I recently came across your site and your story about Ann Maria Weems. Because there were major errors in it I tracked down Professor John Ernest who had given the lecture the article was based on. He said the reporter had gotten the facts mixed up.

Ann Maria Weems did not escape on her own by dressing like a blackjack (a black sailor) and taking a train. She was only 15 at the oldest and had been a slave her entire life. Where would she have gotten a sailor's suit (it's actually a buggy driver's get-up) and the money to ride a train?

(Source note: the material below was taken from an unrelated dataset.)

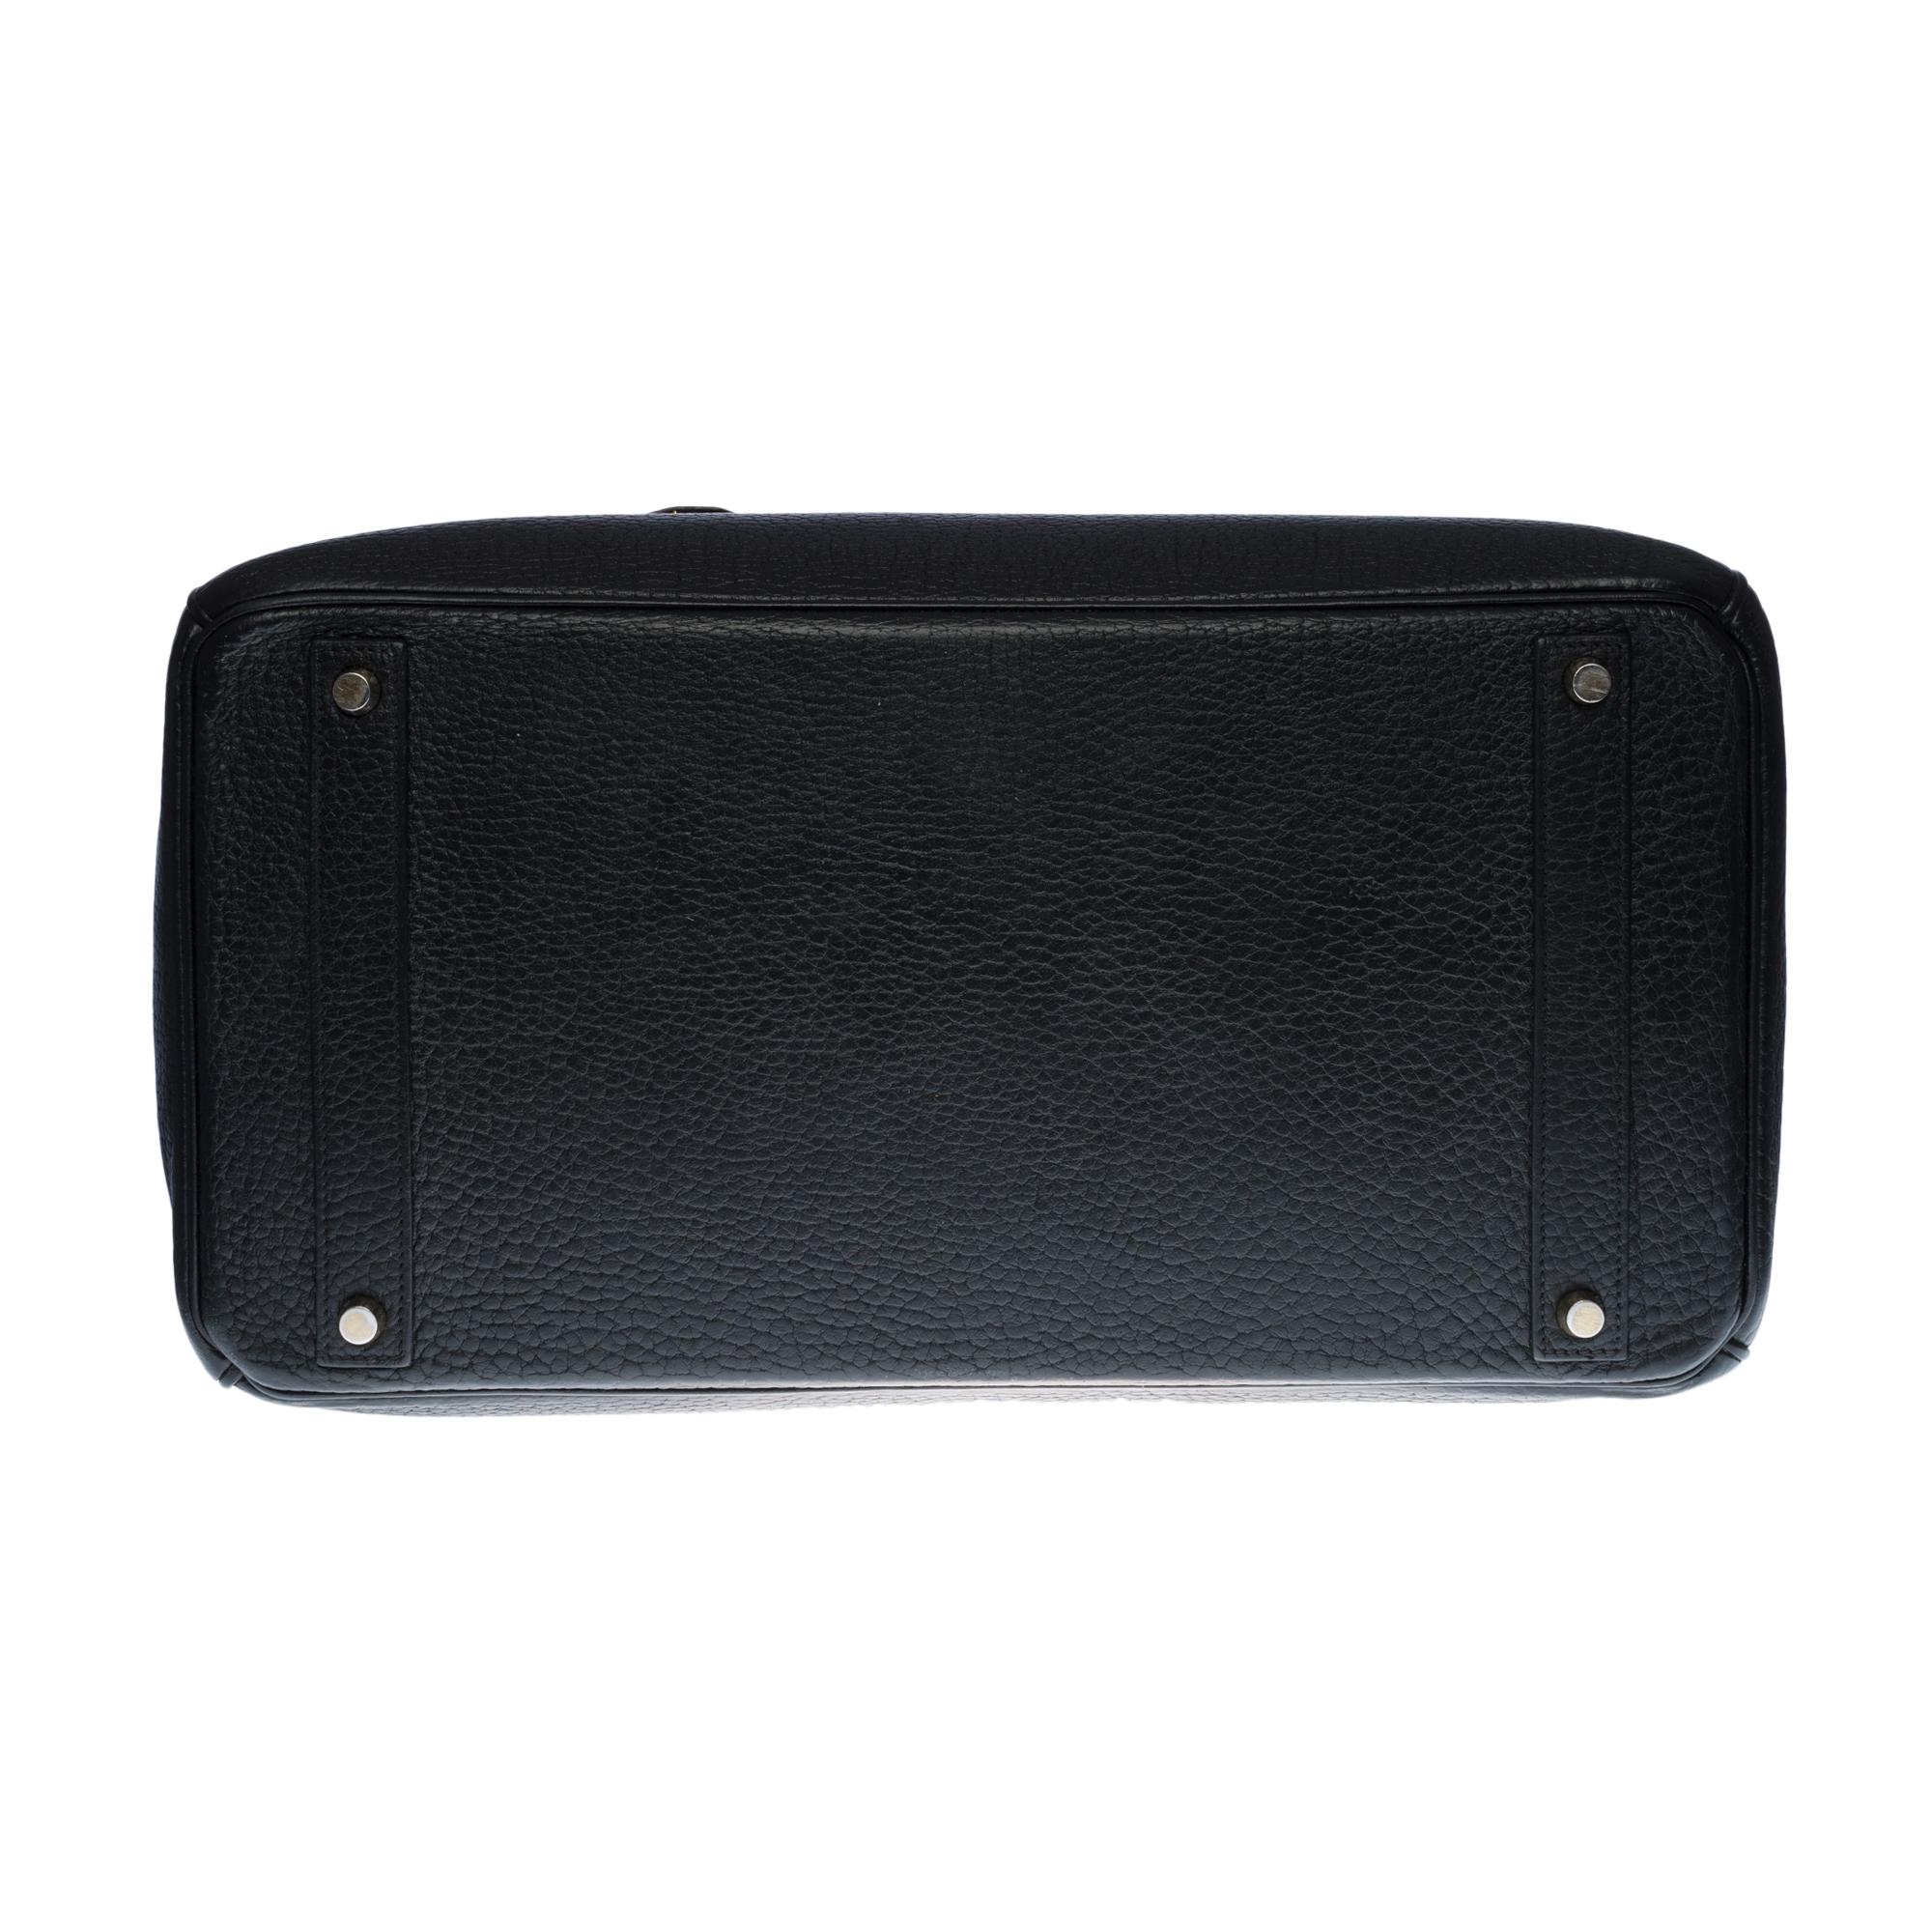 Stunning Hermes Birkin 40cm handbag in Black Togo leather, GHW 5

Her escape was a carefully laid out plan that involved black and white abolitionists on both sides of the Mason-Dixon line. My G, G, G, grandfather, Dr. Ellwood Harvey, was the man who took her from in front of the White House to Philadelphia and then NYC. This story has been told in several books: William Still's History of the UGRR; Elisa Carbone's Stealing Freedom, and Lorene Cary's Free. There will be a piece on Dr. Harvey in Main Line Today in the next month. You can also read about Dr. Harvey at the Yahoogroups site, The Amazing Ellwood Harvey, it's free, but you have to sign up for the site. Ellwood was a Quaker abolitionist, but partially undertook the rescue for the reward money. Even though he was poor Ellwood used the money to buy a dissection mannequin for the Female Medical College of Pennsylvania. It was the first college in the world for female doctors and very unpopular at the time. Therefore supplies were limited. The usual conductors in Washington DC were scared away from the rescue due to the high reward, $500, that Ann's master was offering for her return. That was in Sept. Ellwood couldn't come down until Thanksgiving break due to his teaching commitments. He brought her to Philly at Thanksgiving.

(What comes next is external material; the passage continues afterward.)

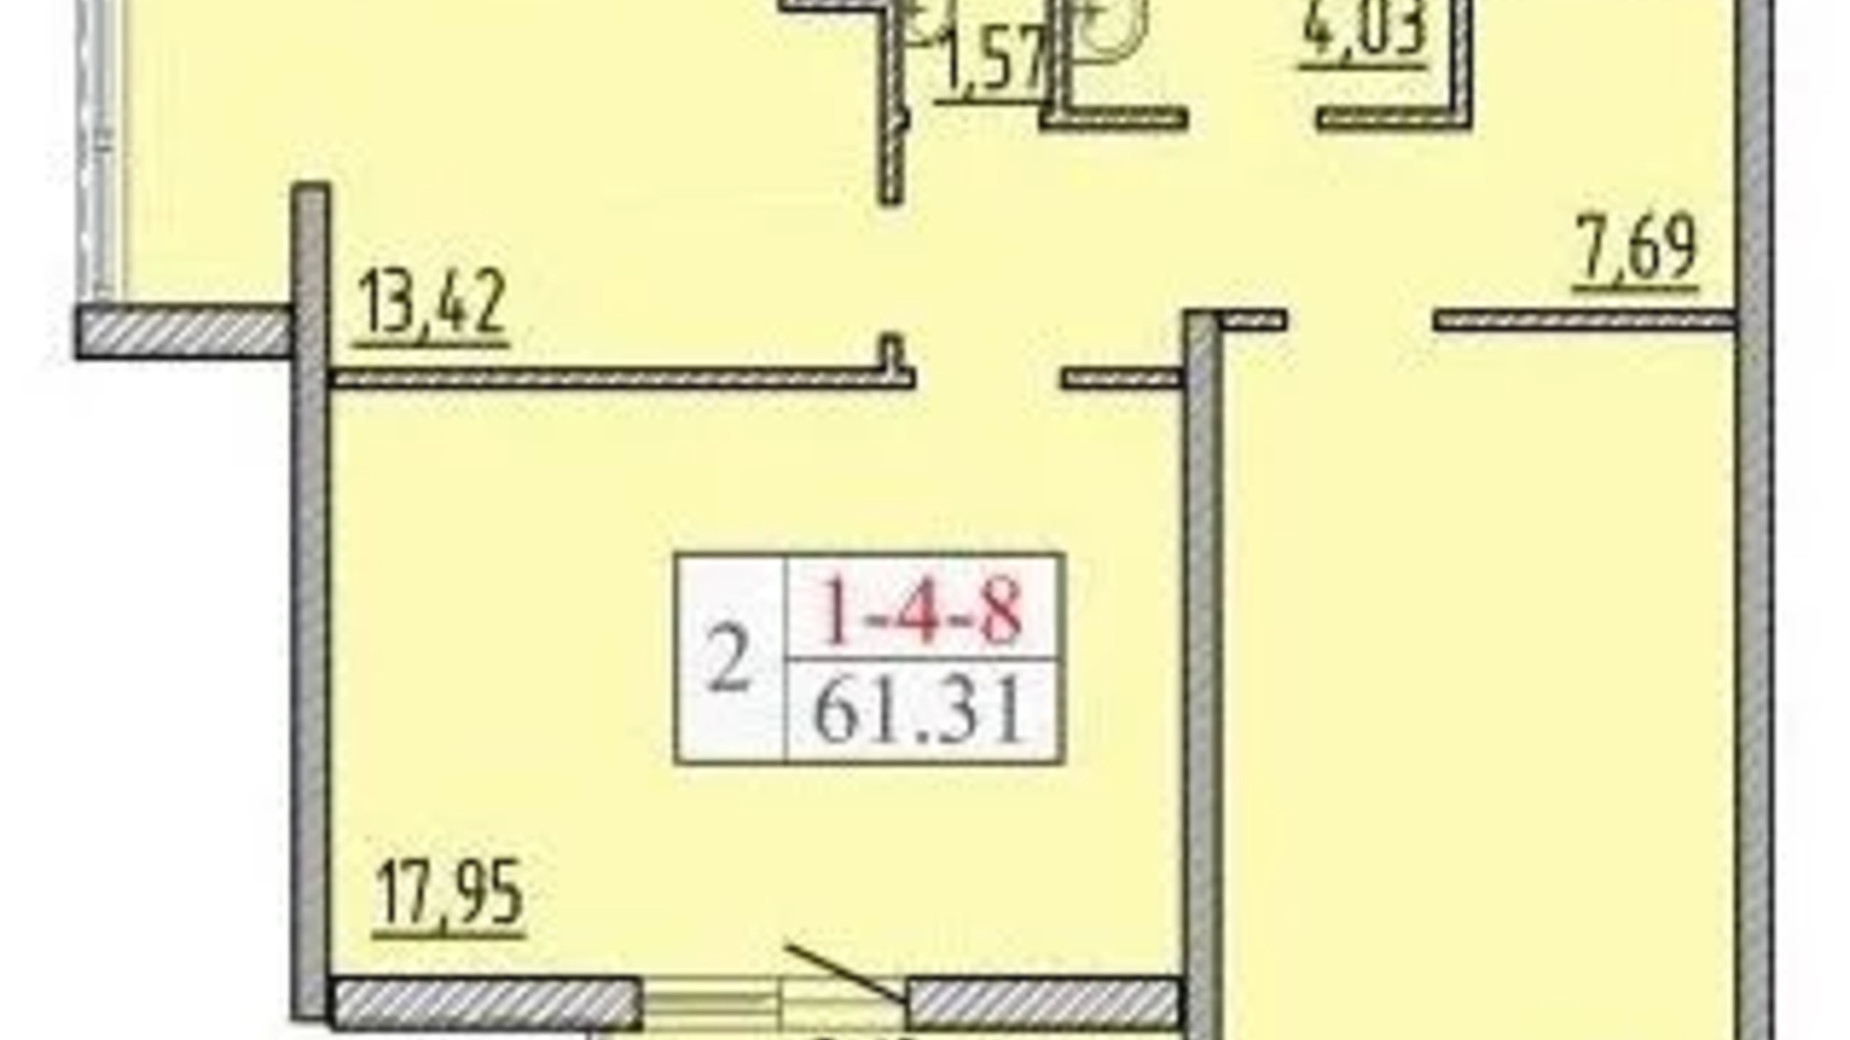 Планування 2-кімнатної квартири в ЖК П'ятдесят восьма перлина 61.31 м², фото 606617

I would be willing to send any information I have if you would print the real story. There is another New Hampshire web site that has repeated the story you printed. I'd like to correct this mistake.

Because her entire family had been purchased and set free, but her owner refused to sell her, these abolitionists hatched a plan to help her escape. She eventually made it to Canada. A book on her whole family will be coming out soon.